- ENTRIES SUPPLIED
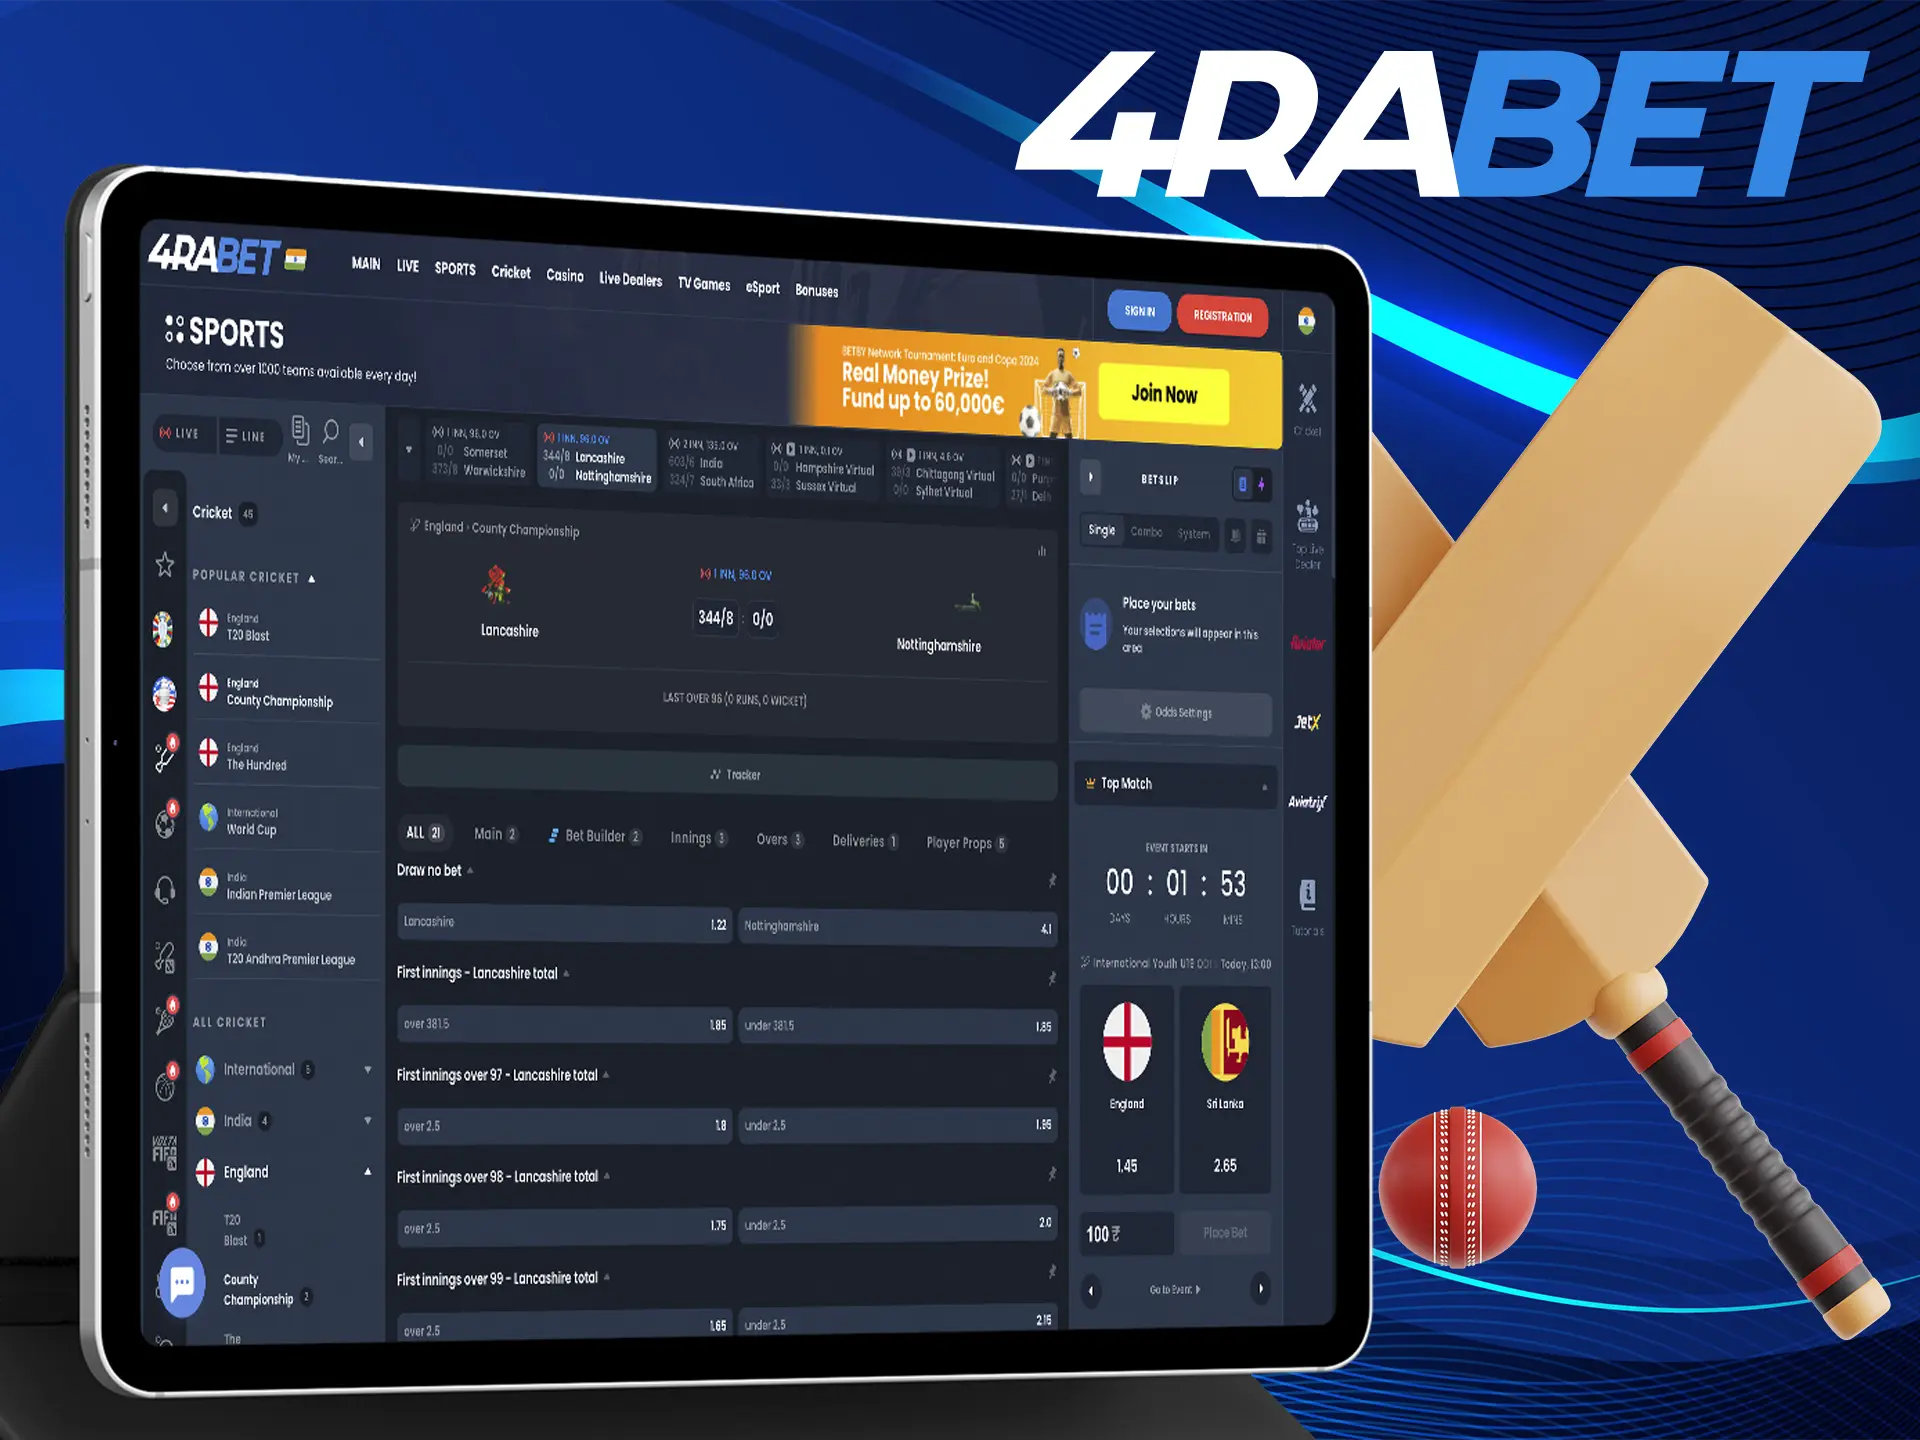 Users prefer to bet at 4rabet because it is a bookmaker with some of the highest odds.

---

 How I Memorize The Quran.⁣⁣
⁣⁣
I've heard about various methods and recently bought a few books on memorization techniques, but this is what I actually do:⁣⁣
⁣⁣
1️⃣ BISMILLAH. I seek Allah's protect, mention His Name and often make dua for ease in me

* * *

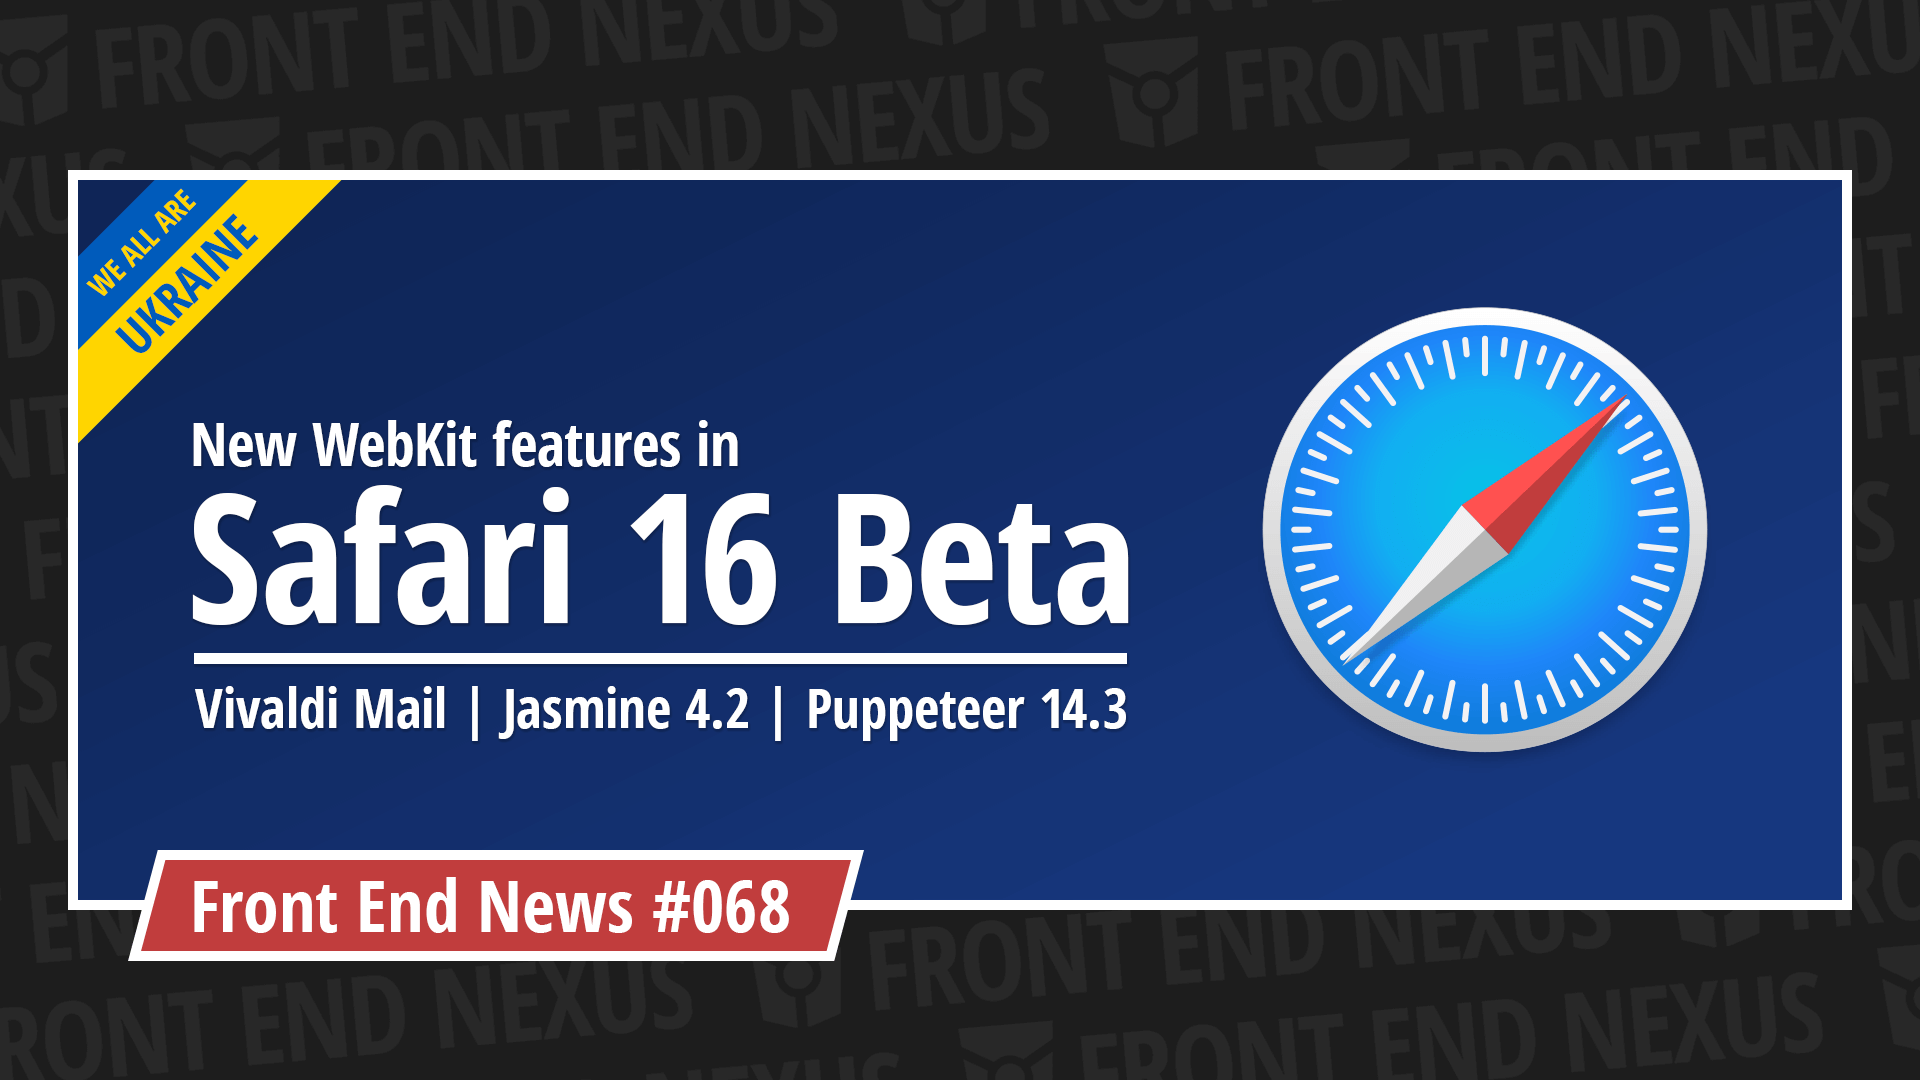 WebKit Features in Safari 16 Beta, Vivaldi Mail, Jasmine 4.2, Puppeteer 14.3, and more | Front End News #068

- WHAT THE TASK REQUIRES
Please copy the lines above from the line with "I've heard about" up to and including the line with "1️⃣ BISMILLAH. I", exactly as written and with nothing else.

- COMPLETED EXERCISE
I've heard about various methods and recently bought a few books on memorization techniques, but this is what I actually do:⁣⁣
⁣⁣
1️⃣ BISMILLAH. I seek Allah's protect, mention His Name and often make dua for ease in me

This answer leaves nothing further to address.